Fine-Tuning vs RAG vs Prompt Engineering

The AI model out of the box is good at general tasks. But you want it to be good at your tasks — writing code in your style, following your conventions, referencing your documentation, and understanding your domain.

There are three approaches to customizing AI behavior, and they sit on a spectrum of complexity:

Simple ──────────────────────────────────── Complex
Prompt Engineering → RAG → Fine-Tuning
Low cost                              High cost
Minutes to set up              Weeks to set up
Most flexible                  Most specialized

Most developers should start on the left and only move right when they hit a genuine limitation. Let's understand what each approach does and when it's the right choice.
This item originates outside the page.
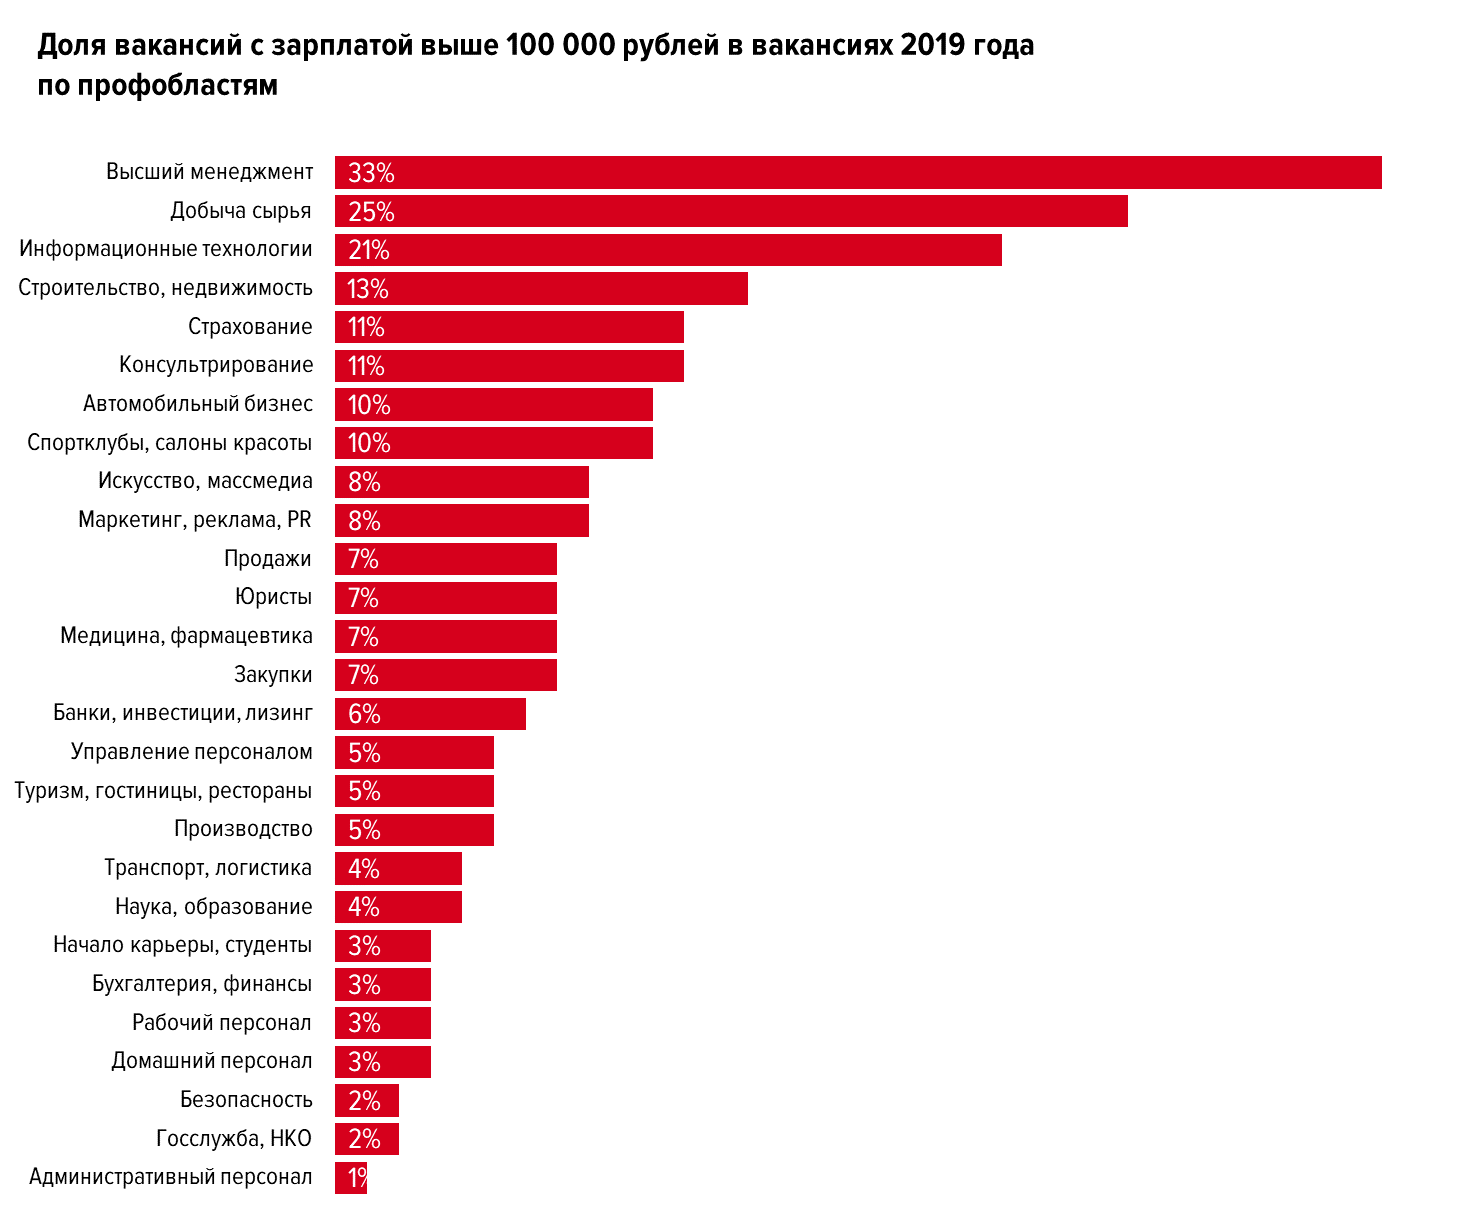 Самые популярные и самые редкие вакансии на hh.ru за 2019 год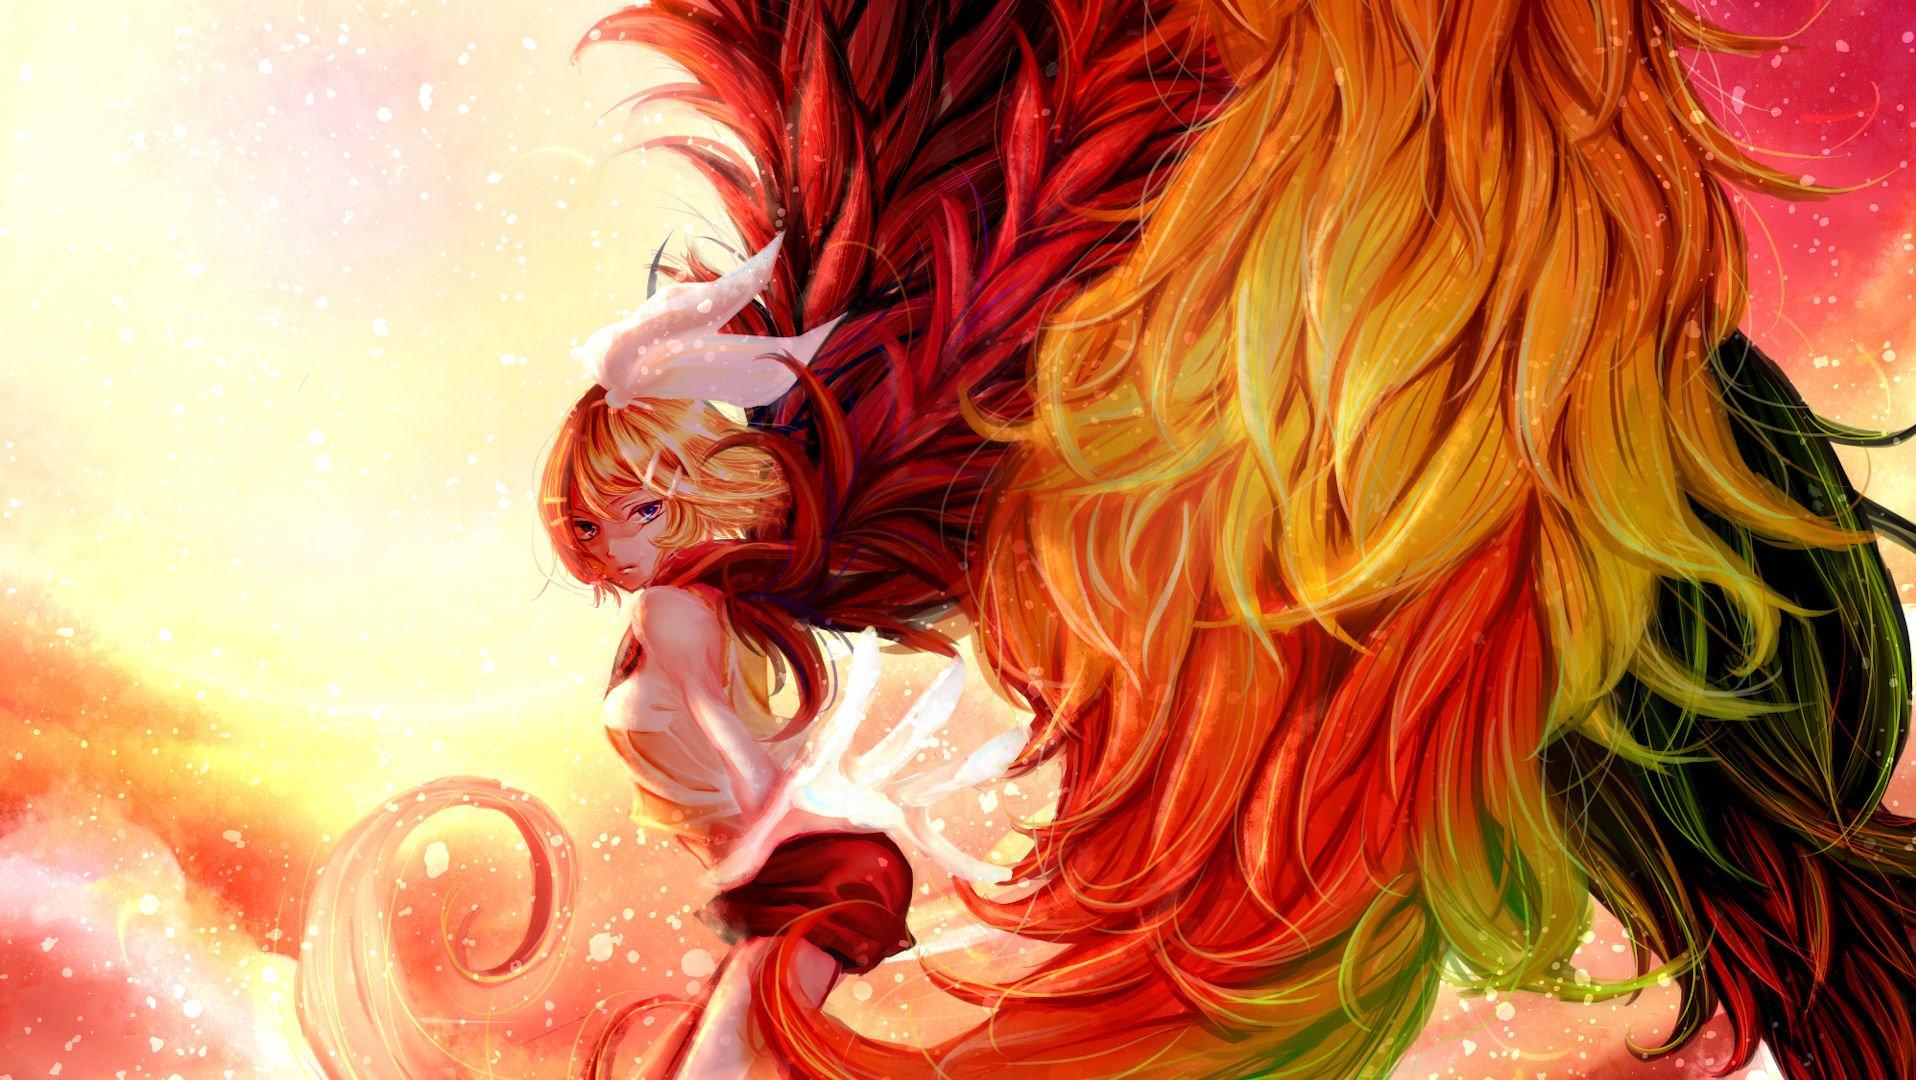 Phoenix Wallpaper Iphone Vocaloid Fondo De Pantalla And Fondo De Escritorio

Prompt Engineering — The 80% Solution

What it is: Crafting your instructions (prompts) to guide the model's behavior. This includes system prompts, example-based instructions, and structured templates.

How it works: You don't change the model at all. You change what you tell the model. A well-crafted prompt can make a general-purpose model behave like a domain specialist.

# System Prompt Example
 
You are a TypeScript developer working on a Next.js application.
 
## Code Style
- Use functional components with hooks
- Always use TypeScript strict mode
- Prefer named exports over default exports
- Use Zod for all input validation
 
## Response Format
- Explain your approach in 1-2 sentences
- Show the code
- Note any assumptions you made
 
## Do NOT
- Use the "any" type
- Use default exports
- Write classes (use functions and hooks instead)

Strengths:

Instant to implement — change the prompt, get different behavior
No technical infrastructure required
Easy to iterate — try a prompt, see the result, adjust
Works with any model from any provider
CLAUDE.md files, Cursor rules, and system prompts are all prompt engineering

Weaknesses:

Uses context window space (every instruction is tokens)
The model might not follow complex instructions perfectly
Can't teach the model genuinely new knowledge (only direct its existing knowledge)

When to use it: Always try prompt engineering first. For most coding tasks, a well-written CLAUDE.md file and clear prompts are sufficient. Move to RAG or fine-tuning only when prompt engineering hits a wall.

Real cost: Free (part of your normal API usage).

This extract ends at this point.